Collected material:
============================================================

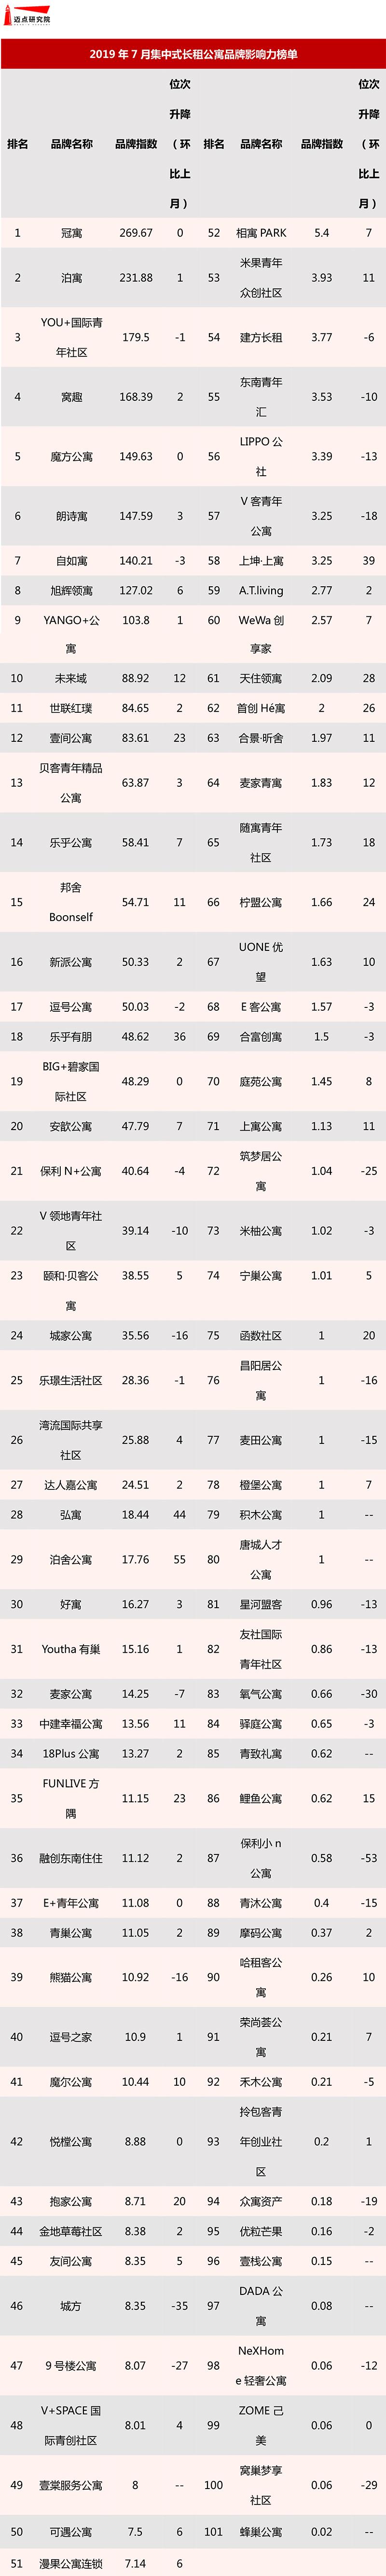 2019年7月集中式长租公寓品牌影响力榜单-1.jpg
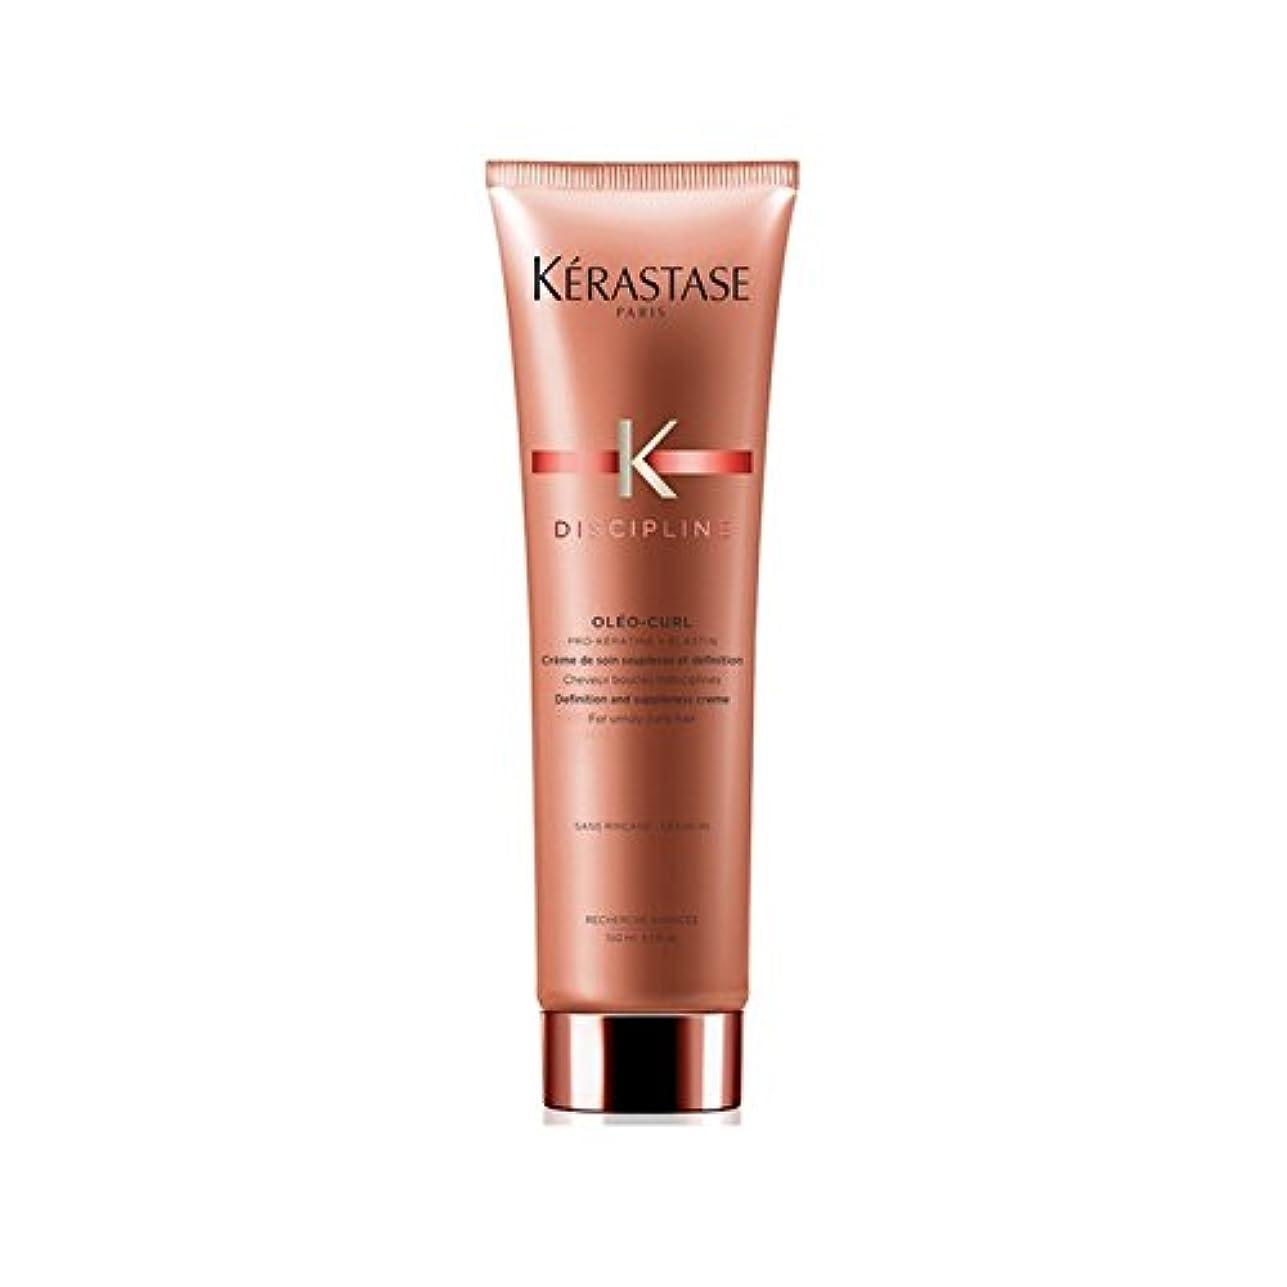 設計マトリックスオフセットK?rastase Discipline Curl Ideal Cleansing Conditioner 400ml (Pack of 6) - 理想的なクレンジングコンディショナー400ミリリットルカールケラスターゼ...
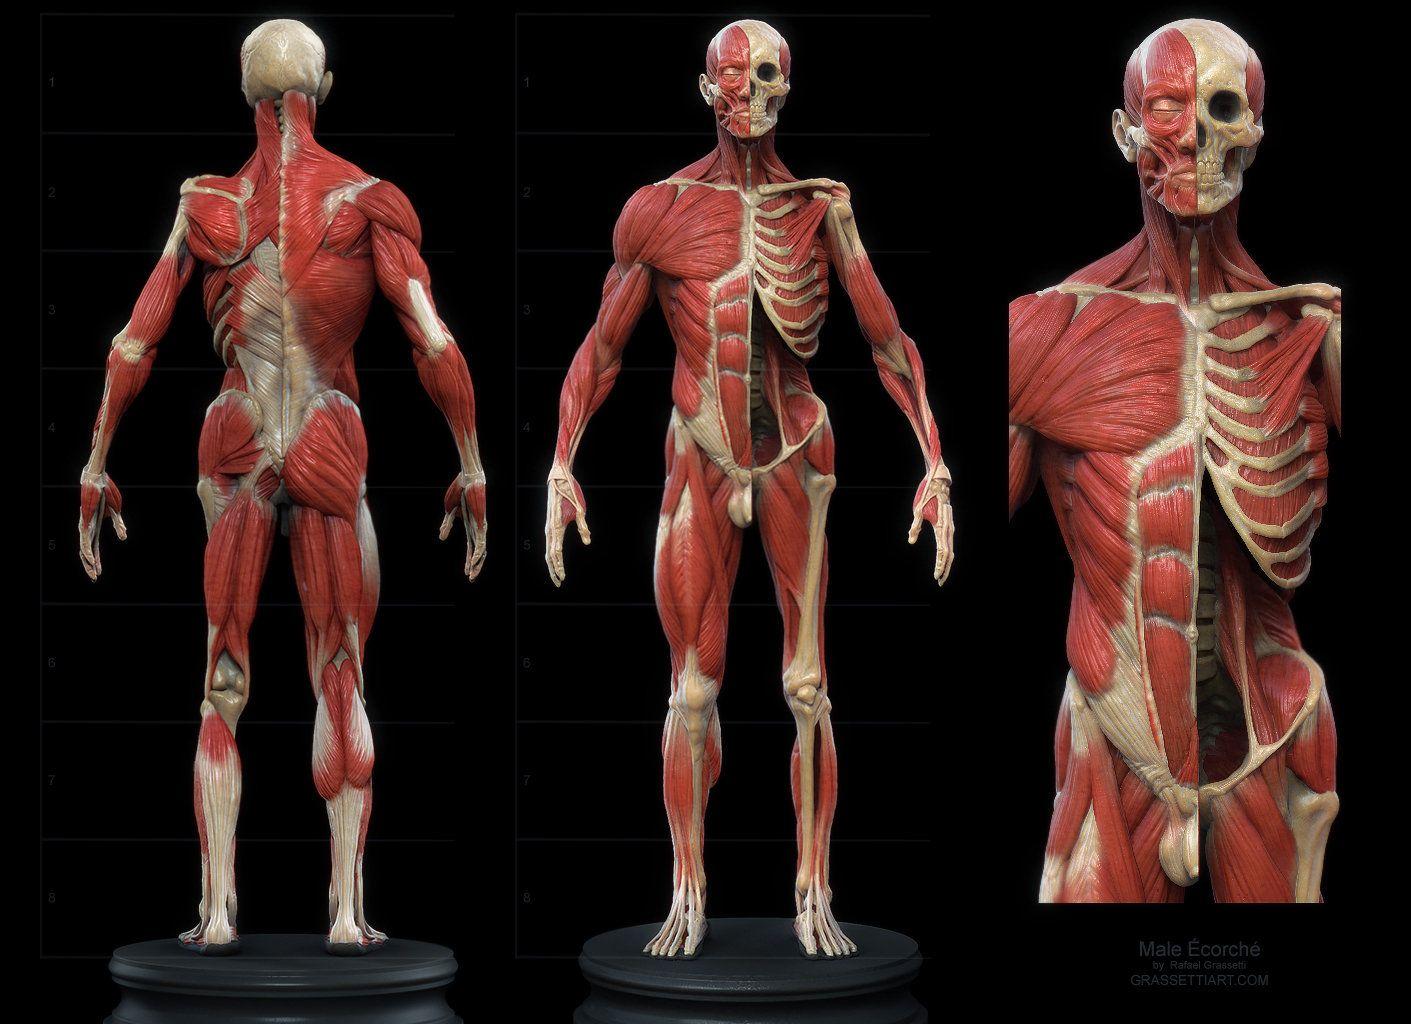 Ecorche Statue Rafael Grassetti Male Anatomy Anatomy

============================================================

What the task asks:
Output nothing but an exact retyping of the material, pictures excluded.

Solution to this exercise:
 2019年7月集中式长租公寓品牌影响力榜单-1.jpg
 設計マトリックスオフセットK?rastase Discipline Curl Ideal Cleansing Conditioner 400ml (Pack of 6) - 理想的なクレンジングコンディショナー400ミリリットルカールケラスターゼ...
 Ecorche Statue Rafael Grassetti Male Anatomy Anatomy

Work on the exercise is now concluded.